The automotive classifieds site is gearing up for the Labor Day weekend by enhancing its app’s research capabilities, letting customers compare prices and scan and save cars they like so they can be easily found again. The new features point to the continued growth of mobile as an integral part of the shopping experience.
“It is no secret consumers are using their mobile devices during car shopping, but they are increasingly using mobile to research and shop on the dealership lot,” said Chhaya Dave, senior director of product at Cars.com. “Our goal is to provide relevant and useful tools and information to help car shoppers find a trusted dealership in their area, compare vehicles, estimate cost, read reviews and ultimately make real-time purchase decisions.”
Labor Day weekend is one of the biggest car shopping times of the year. To prepare, Cars.com has added two new features to its mobile app.
The first is on-the-lot vehicle identification number scanning. A car’s VIN is a unique code given to every vehicle that allows it to be identified by make, model, year and origin.
Users of Cars.com’s app can scan vehicles on the lot and get further information about it, compare prices to the same vehicle from other dealers and save the vehicle as a favorite on the app so they can easily find it later.
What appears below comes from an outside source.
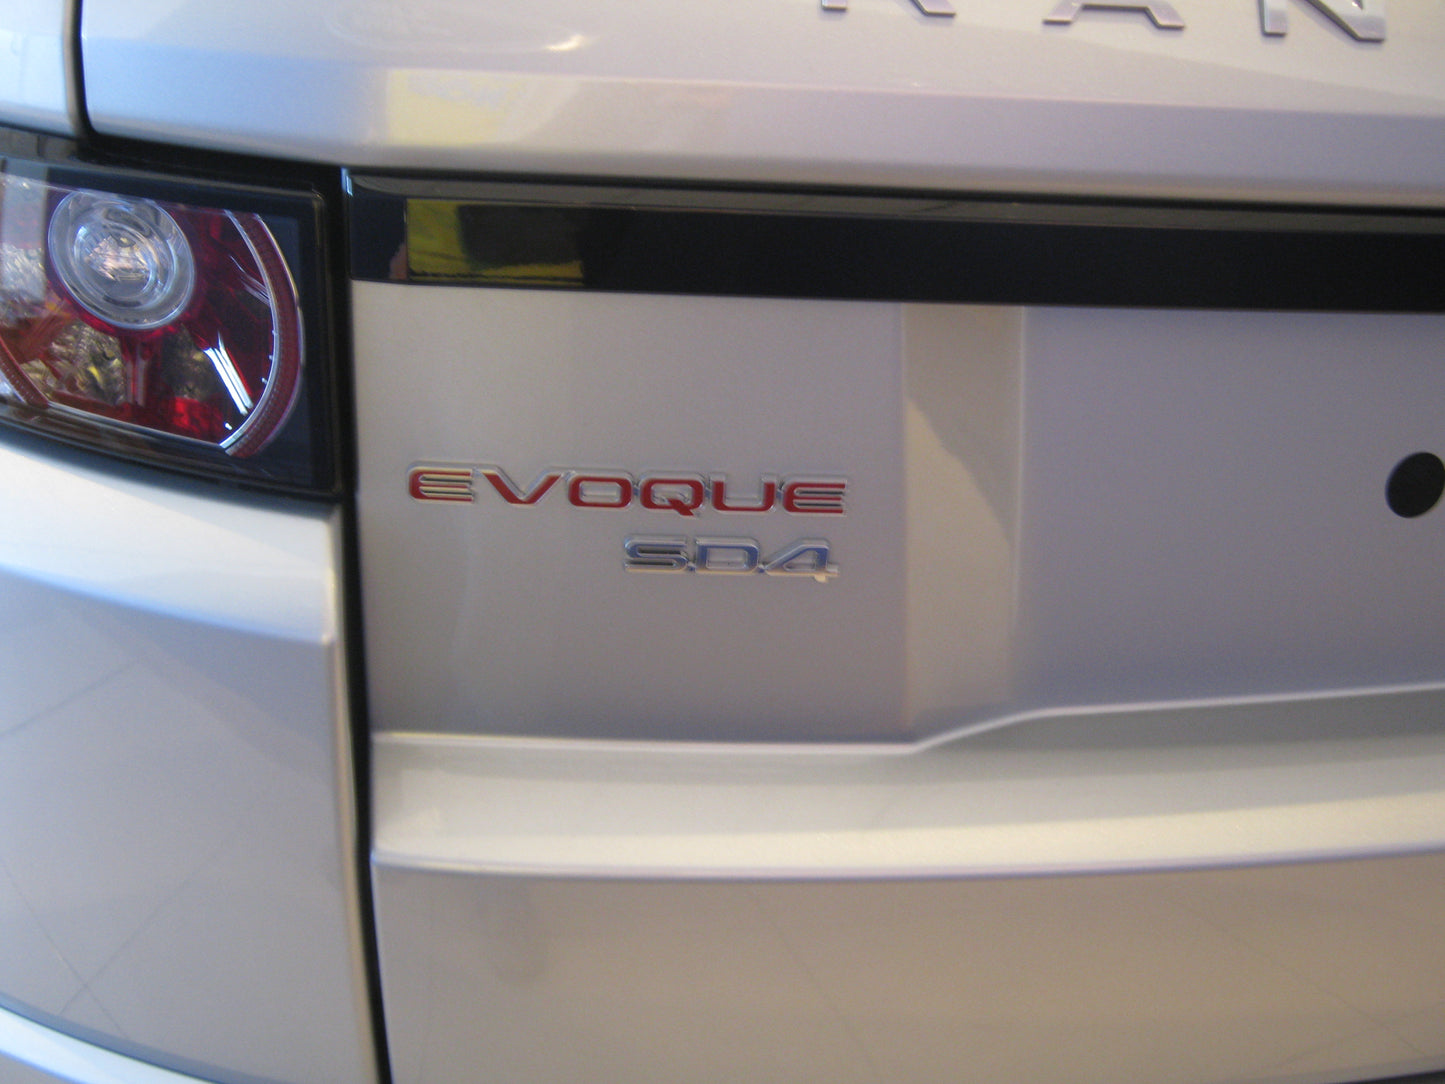 Genuine "EVOQUE SD4" Rear Badge - Red for Range Rover Evoque
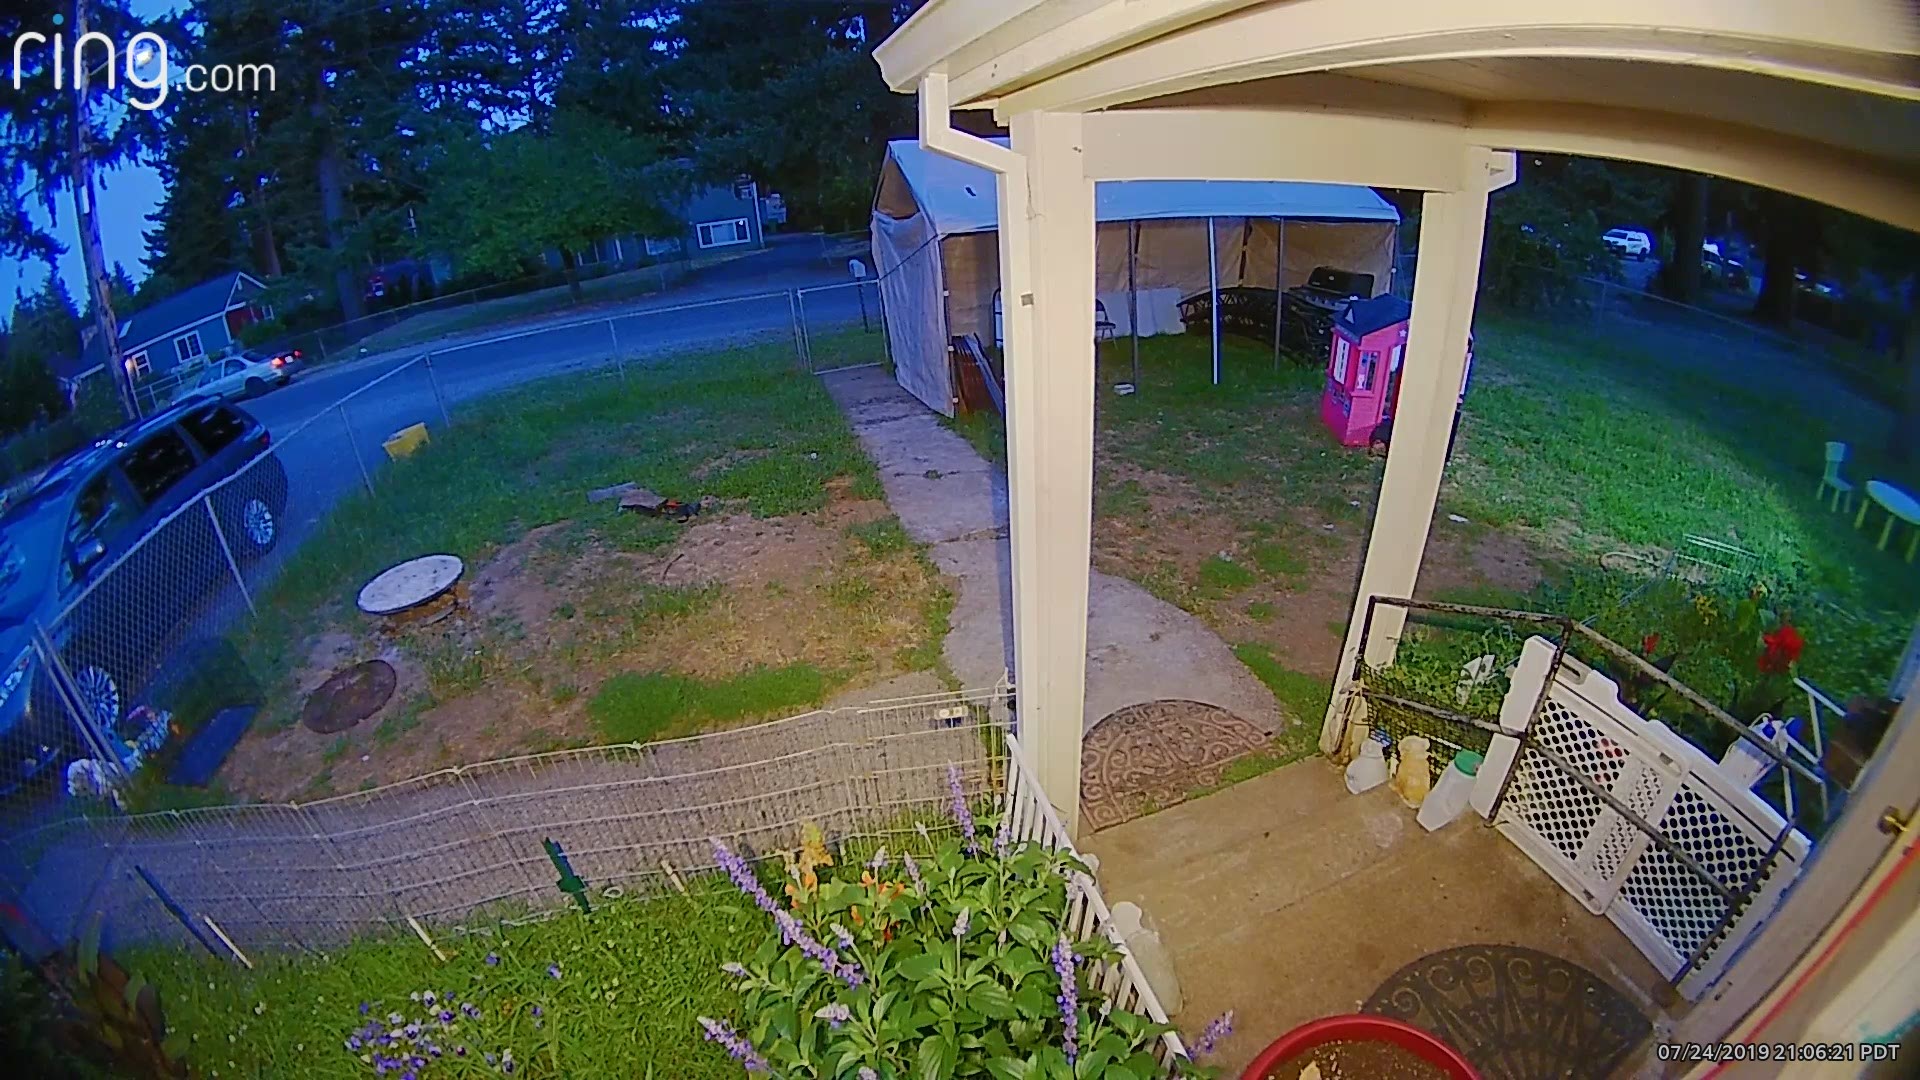 Surveillance video shows a man stealing a dog from a SE Portland fenced yard.

The second new feature is price-drop alerts. This allows users to mark any desired vehicle on the app and then receive push notifications whenever a dealer with that vehicle lowers the price.
The ubiquity of mobile means that more and more shoppers are using their devices to research items before and during the shopping trip. Cars are expensive and require a lot more research than smaller items comparatively.
With these new features, Cars.com is expanding the ability for its customers to view the entire field of automotive purchasing before they commit to the car they want.
“Today more than half of Cars.com’s traffic comes in from a mobile device,” Ms. Dave said. “As a result, we believe in a mobile-first philosophy.
“This means we focus on building the right experience for consumers on their phone at the moment they’re using their phone – no matter what stage of the car shopping process they’re in.”
The mobile-auto connection
Cars.com launched its app six years ago in 2010 and it sees about seven million visits per month. Those numbers show a clear benefit to investing in a mobile presence.
“Mobile has changed the game for the automotive business,” Ms. Dave said. “Today, car shoppers continue researching vehicles and dealerships up until the moment of purchase right from the dealership lot.
“It is similar to showrooming behavior in the retail space. Consumers do the bulk of their research at home and come to the dealership prepared with a general idea of what they want and how much they want to spend, but they continue to validate their decisions because they have access to so much information at their fingertips.”
Cars.com is not the only company that has tried to make the world of automotive shopping easier to navigate for consumers.
The favorited cars are saved for later.
Amazon has also tried to disrupt the automotive sector, as it has done in others, by introducing its own mobile-optimized marketplace for all things automotive (see story).
Car buyers are also fertile ground for mobile advertising, as shown by Edmunds.com, which recently debuted an ad solution that connects car dealers with in-market shoppers (see story).
“As a result of this shift in consumer behavior, auto advertisers have been forced to adjust how they reach and influence car shoppers – now with a greater emphasis on targeted digital marketing tactics,” Ms. Dave said.
“Auto retailers should look at innovative ways to engage with well-informed consumers on the lot and pay closer attention to the metrics that matter to know what’s working.”